▶ [ASSIGNMENT] Output only the stretch of the listing that starts at the line containing "El Ayuntamiento de" and ends at the line containing "Mangrovenbäume vor einem Sonnenuntergang", reproduced exactly with both ends.

*** DATA SHOWN ***

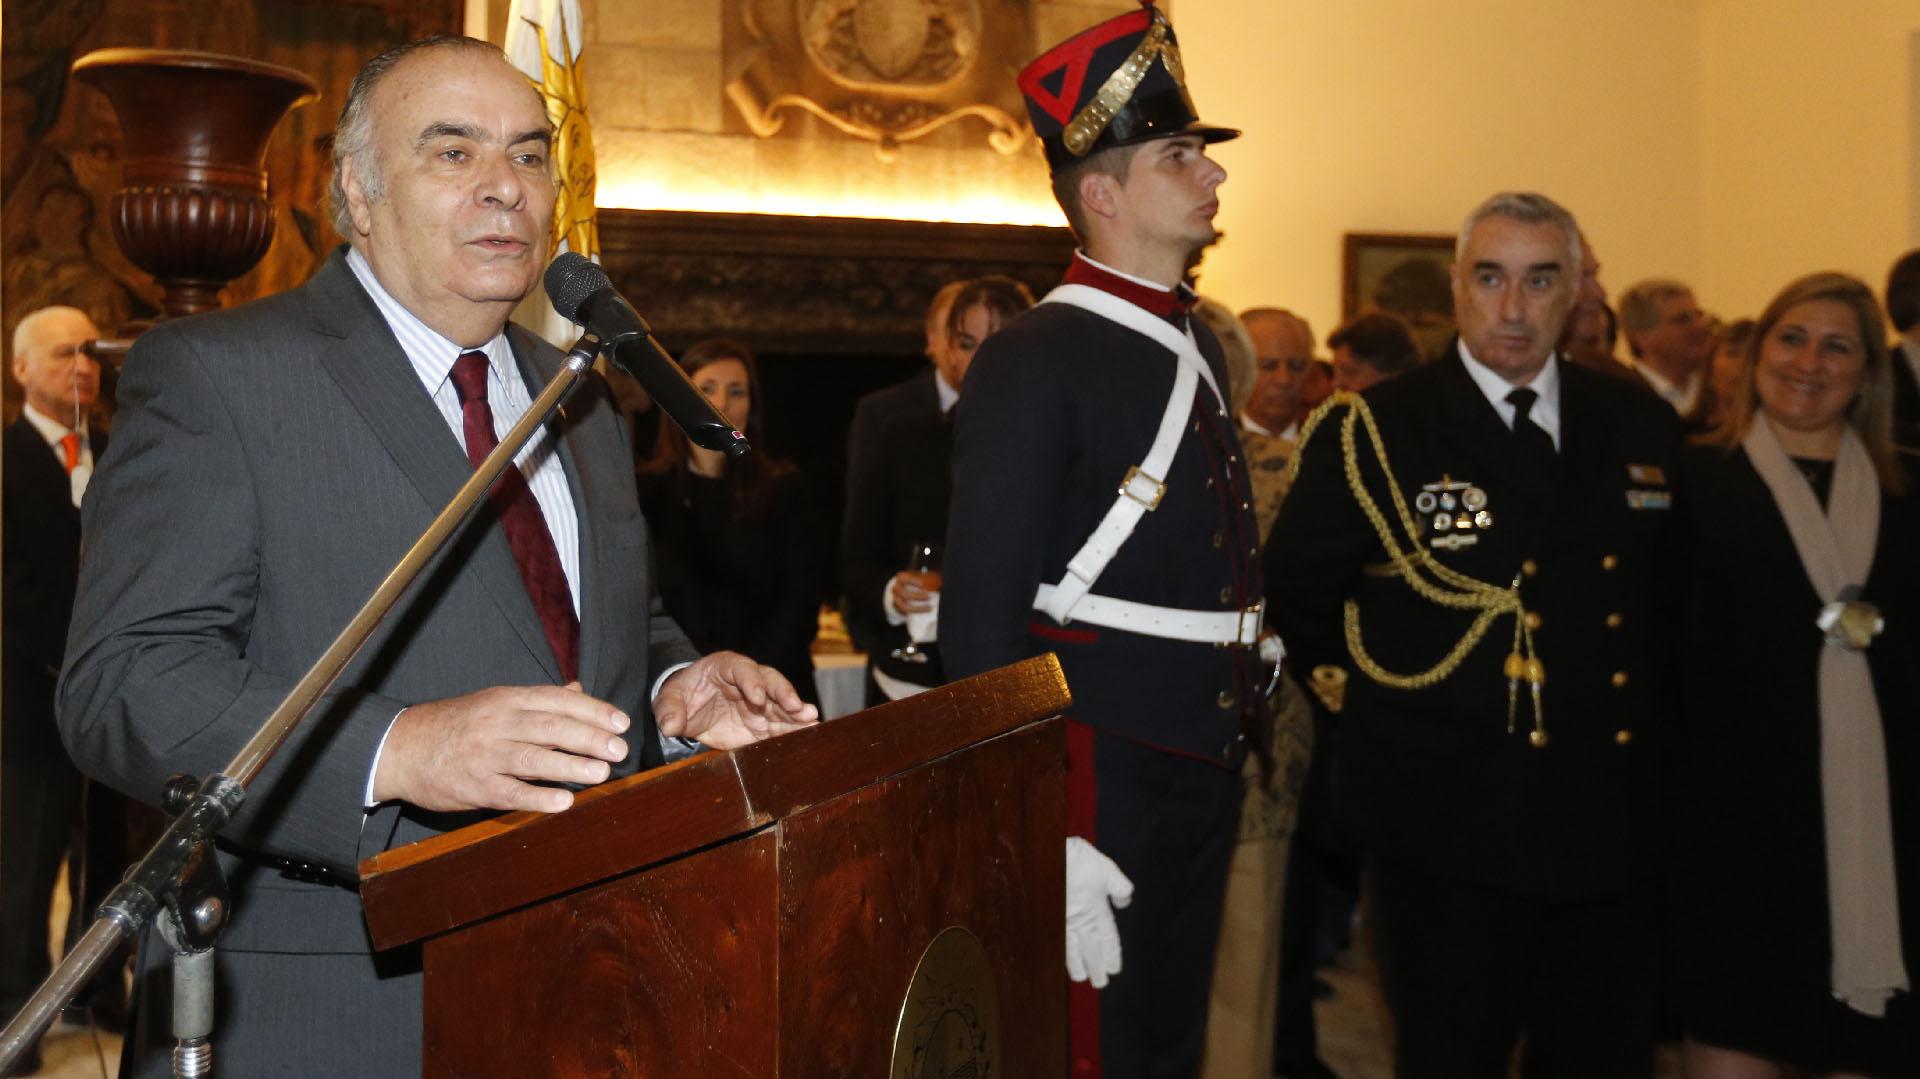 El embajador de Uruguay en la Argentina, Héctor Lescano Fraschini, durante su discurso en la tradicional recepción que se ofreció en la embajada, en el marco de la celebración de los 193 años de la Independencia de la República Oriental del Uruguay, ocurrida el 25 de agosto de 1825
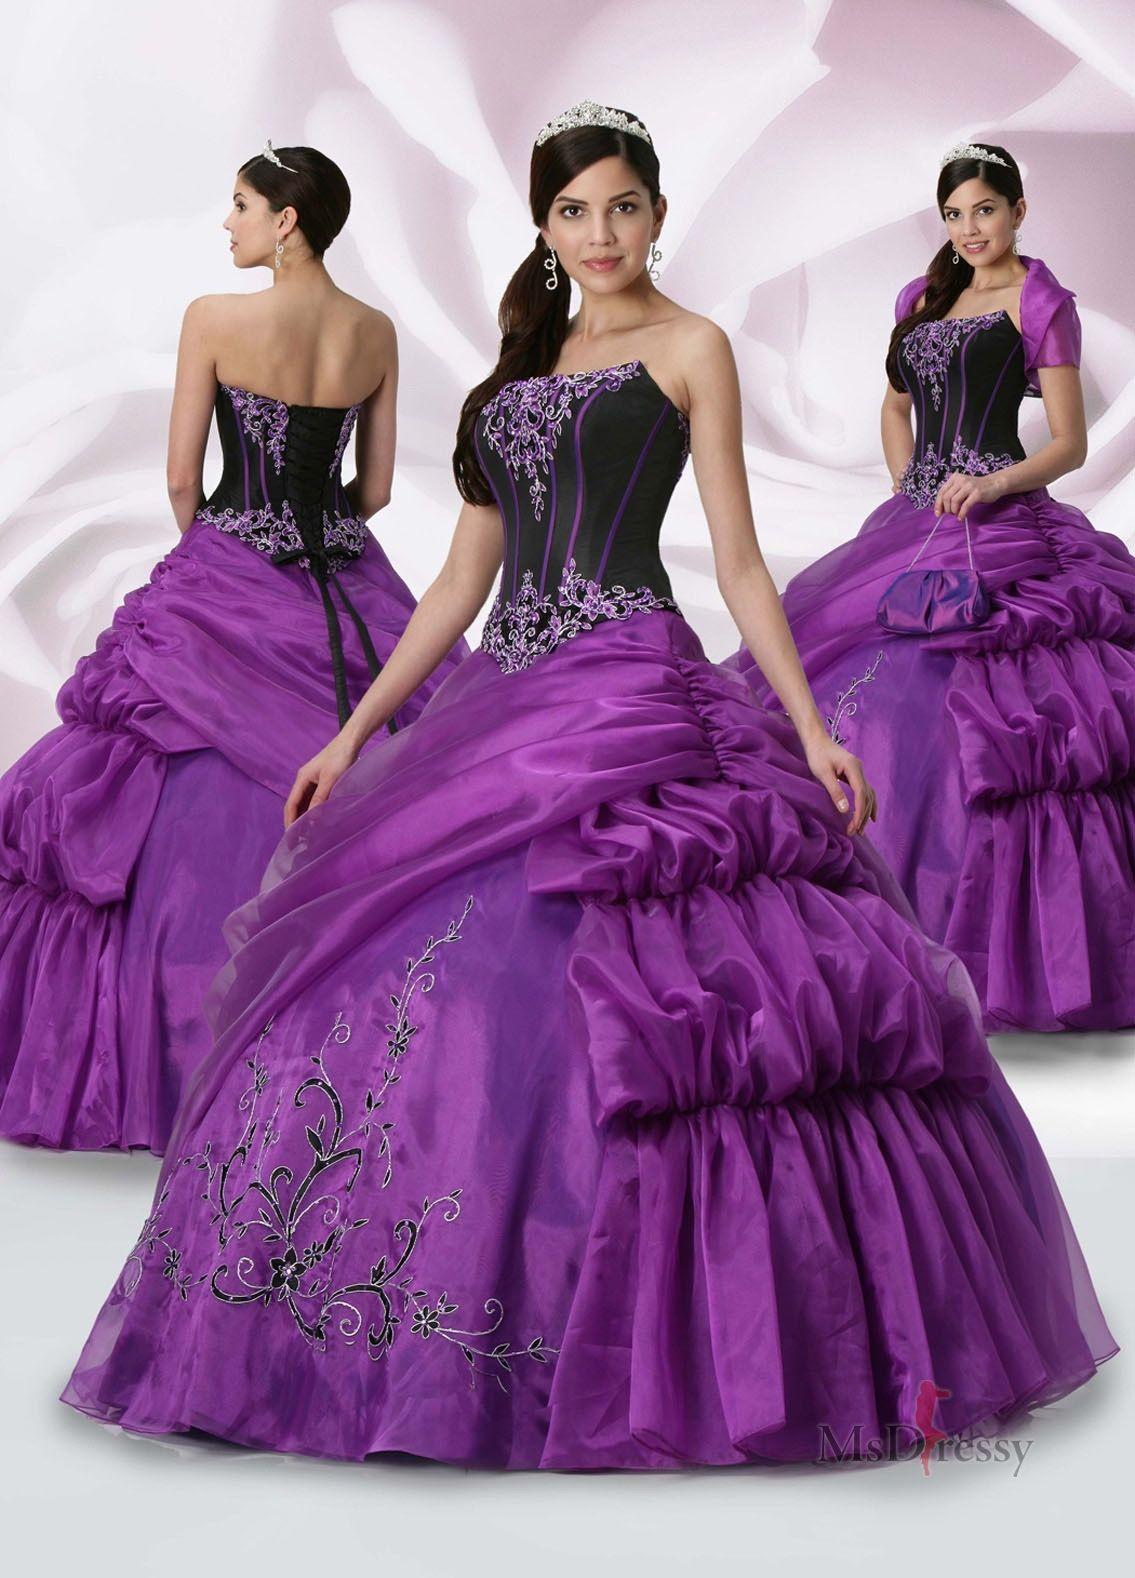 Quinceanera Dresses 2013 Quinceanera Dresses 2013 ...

*** End of DATA SHOWN ***
*** DATA SHOWN ***

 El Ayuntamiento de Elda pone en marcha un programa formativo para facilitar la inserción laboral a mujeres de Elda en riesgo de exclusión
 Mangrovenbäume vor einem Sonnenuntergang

*** End of DATA SHOWN ***

▶ [SOLUTION TO THE EXERCISE]
 El Ayuntamiento de Elda pone en marcha un programa formativo para facilitar la inserción laboral a mujeres de Elda en riesgo de exclusión
 Mangrovenbäume vor einem Sonnenuntergang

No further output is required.